This chapter discusses query optimization in distributed database system.
In a distributed database system, processing a query comprises of optimization at both the global and the local level. The query enters the database system at the client or controlling site. Here, the user is validated, the query is checked, translated, and optimized at a global level.
The architecture can be represented as −
The process of mapping global queries to local ones can be realized as follows −
The tables required in a global query have fragments distributed across multiple sites. The local databases have information only about local data. The controlling site uses the global data dictionary to gather information about the distribution and reconstructs the global view from the fragments.
If there is no replication, the global optimizer runs local queries at the sites where the fragments are stored. If there is replication, the global optimizer selects the site based upon communication cost, workload, and server speed.
The global optimizer generates a distributed execution plan so that least amount of data transfer occurs across the sites. The plan states the location of the fragments, order in which query steps needs to be executed and the processes involved in transferring intermediate results.
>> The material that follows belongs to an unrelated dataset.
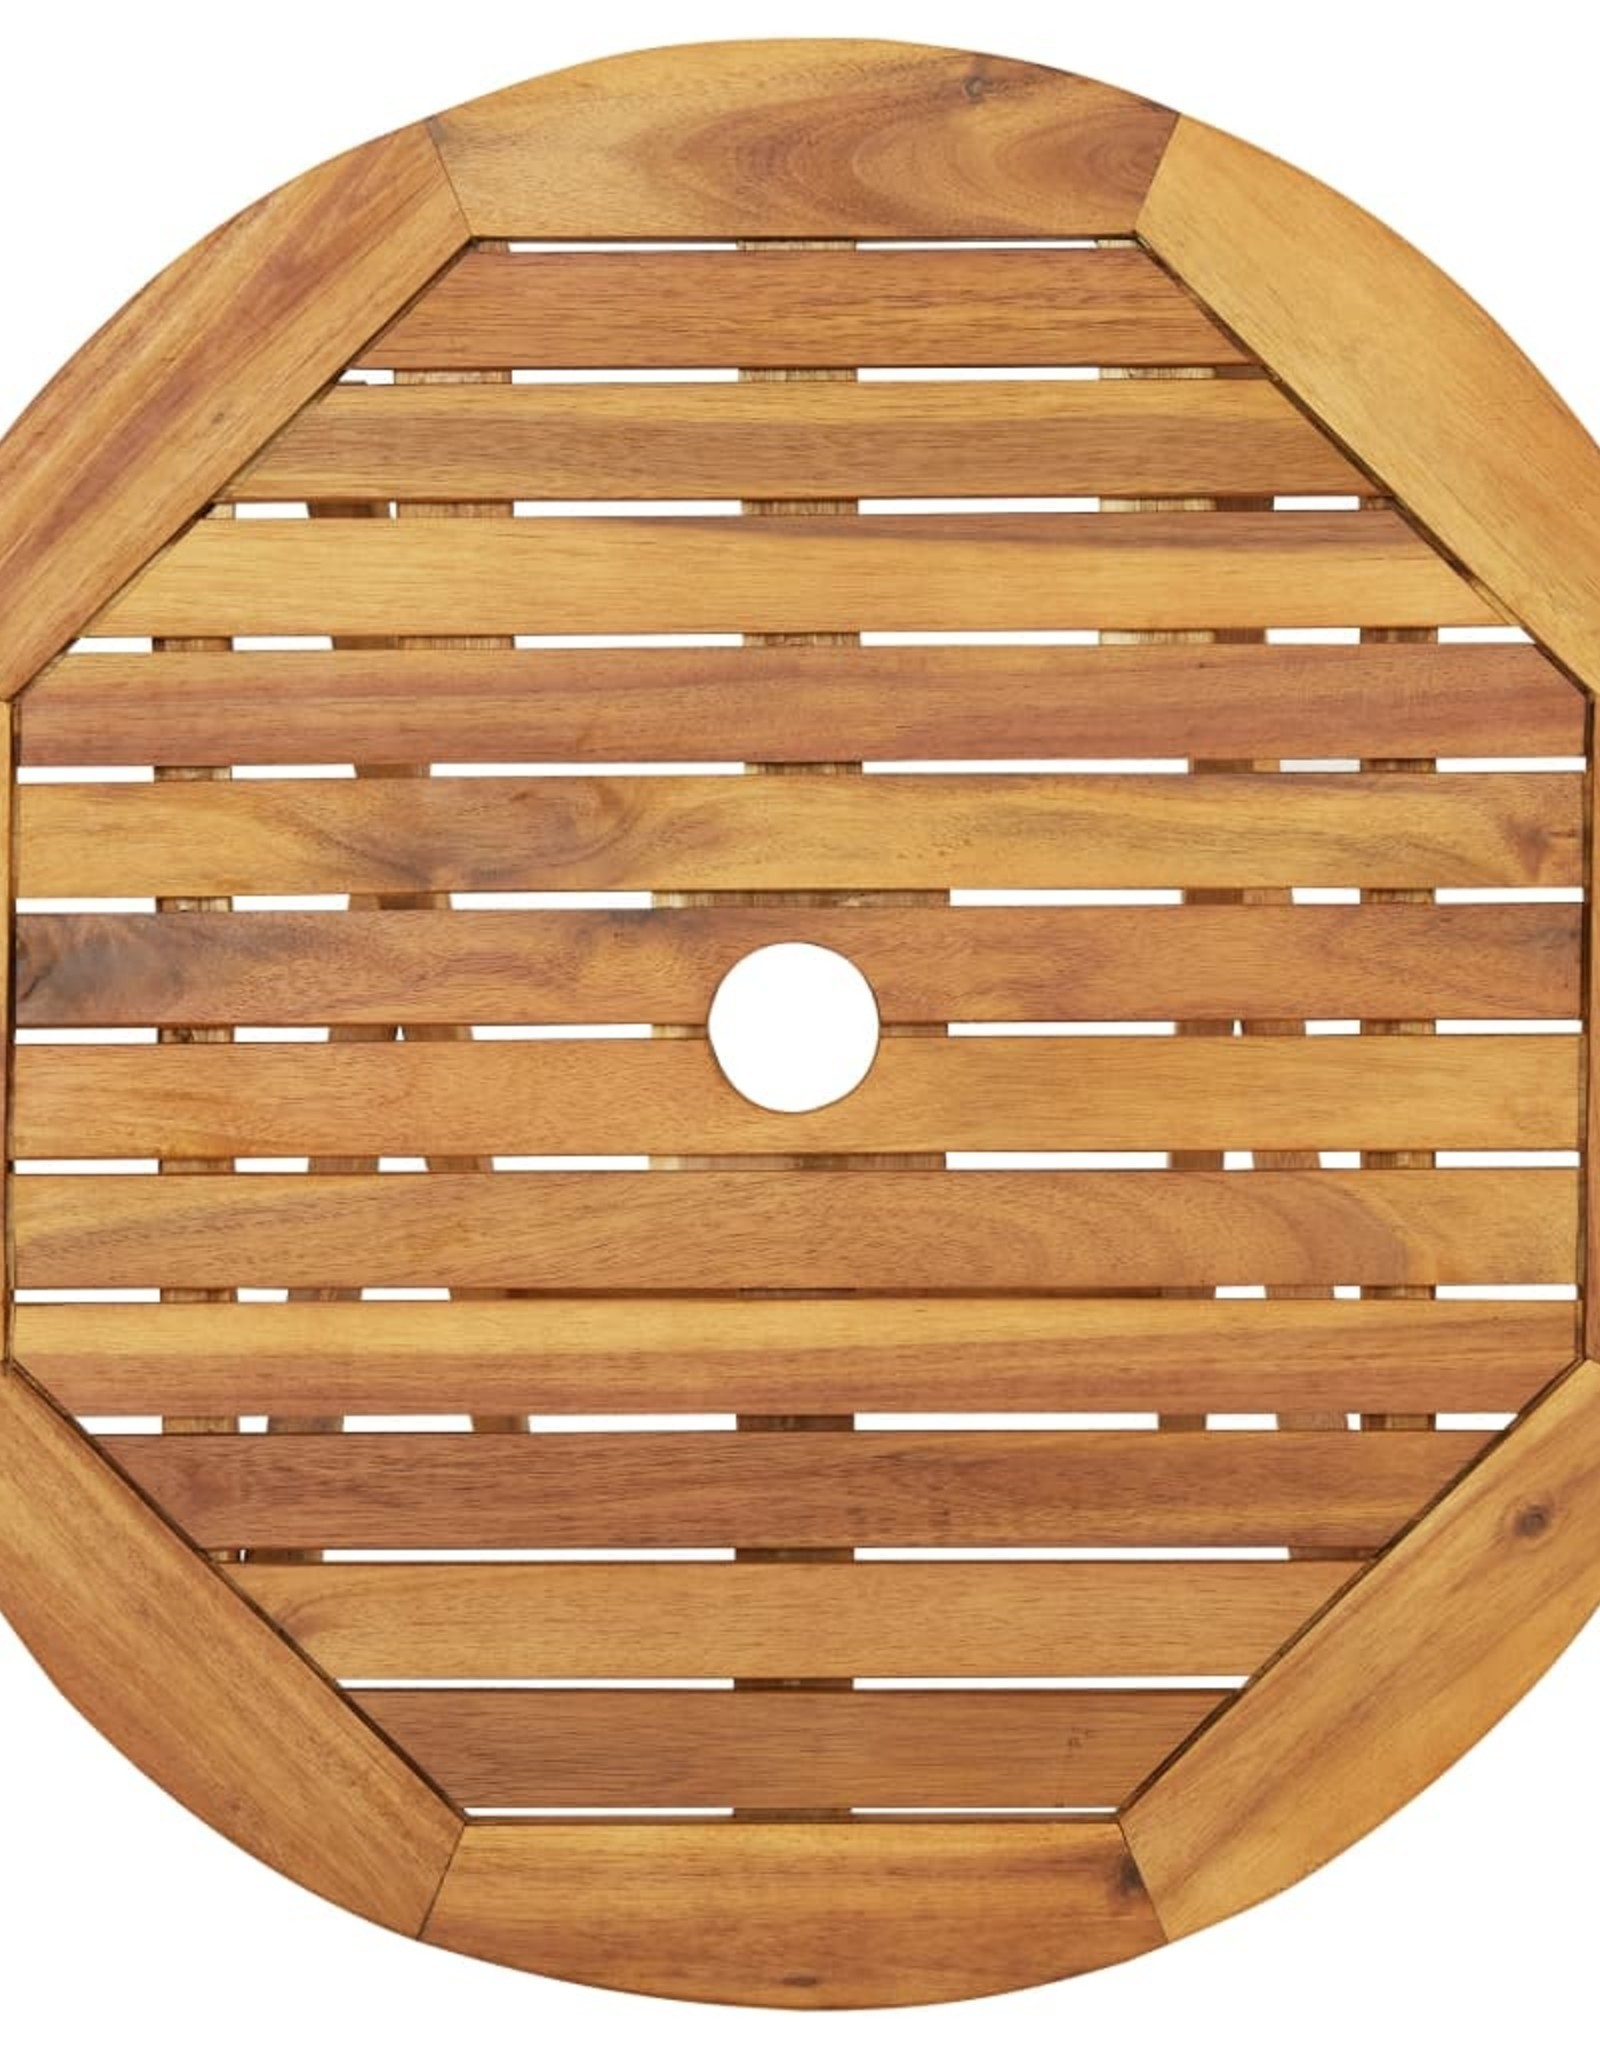 3-delige Bistroset inklapbaar massief acaciahout

The local queries are optimized by the local database servers. Finally, the local query results are merged together through union operation in case of horizontal fragments and join operation for vertical fragments.
For example, let us consider that the following Project schema is horizontally fragmented according to City, the cities being New Delhi, Kolkata and Hyderabad.
PROJECT
PId | City | Department | Status |
Suppose there is a query to retrieve details of all projects whose status is “Ongoing”.
The global query will be &inus;
$$\sigma_{status} = {\small "ongoing"}^{(PROJECT)}$$
Query in New Delhi’s server will be −
$$\sigma_{status} = {\small "ongoing"}^{({NewD}_-{PROJECT})}$$
Query in Kolkata’s server will be −
$$\sigma_{status} = {\small "ongoing"}^{({Kol}_-{PROJECT})}$$
Query in Hyderabad’s server will be −
$$\sigma_{status} = {\small "ongoing"}^{({Hyd}_-{PROJECT})}$$
In order to get the overall result, we need to union the results of the three queries as follows −
$\sigma_{status} = {\small "ongoing"}^{({NewD}_-{PROJECT})} \cup \sigma_{status} = {\small "ongoing"}^{({kol}_-{PROJECT})} \cup \sigma_{status} = {\small "ongoing"}^{({Hyd}_-{PROJECT})}$
Distributed query optimization requires evaluation of a large number of query trees each of which produce the required results of a query. This is primarily due to the presence of large amount of replicated and fragmented data. Hence, the target is to find an optimal solution instead of the best solution.
The main issues for distributed query optimization are −
A distributed system has a number of database servers in the various sites to perform the operations pertaining to a query. Following are the approaches for optimal resource utilization −
Operation Shipping − In operation shipping, the operation is run at the site where the data is stored and not at the client site. The results are then transferred to the client site. This is appropriate for operations where the operands are available at the same site. Example: Select and Project operations.
Data Shipping − In data shipping, the data fragments are transferred to the database server, where the operations are executed. This is used in operations where the operands are distributed at different sites. This is also appropriate in systems where the communication costs are low, and local processors are much slower than the client server.
Hybrid Shipping − This is a combination of data and operation shipping. Here, data fragments are transferred to the high-speed processors, where the operation runs. The results are then sent to the client site.
In query trading algorithm for distributed database systems, the controlling/client site for a distributed query is called the buyer and the sites where the local queries execute are called sellers. The buyer formulates a number of alternatives for choosing sellers and for reconstructing the global results. The target of the buyer is to achieve the optimal cost.
The algorithm starts with the buyer assigning sub-queries to the seller sites. The optimal plan is created from local optimized query plans proposed by the sellers combined with the communication cost for reconstructing the final result. Once the global optimal plan is formulated, the query is executed.
Optimal solution generally involves reduction of solution space so that the cost of query and data transfer is reduced. This can be achieved through a set of heuristic rules, just as heuristics in centralized systems.
Following are some of the rules −
Perform selection and projection operations as early as possible. This reduces the data flow over communication network.
Simplify operations on horizontal fragments by eliminating selection conditions which are not relevant to a particular site.
In case of join and union operations comprising of fragments located in multiple sites, transfer fragmented data to the site where most of the data is present and perform operation there.
Use semi-join operation to qualify tuples that are to be joined. This reduces the amount of data transfer which in turn reduces communication cost.
Merge the common leaves and sub-trees in a distributed query tree.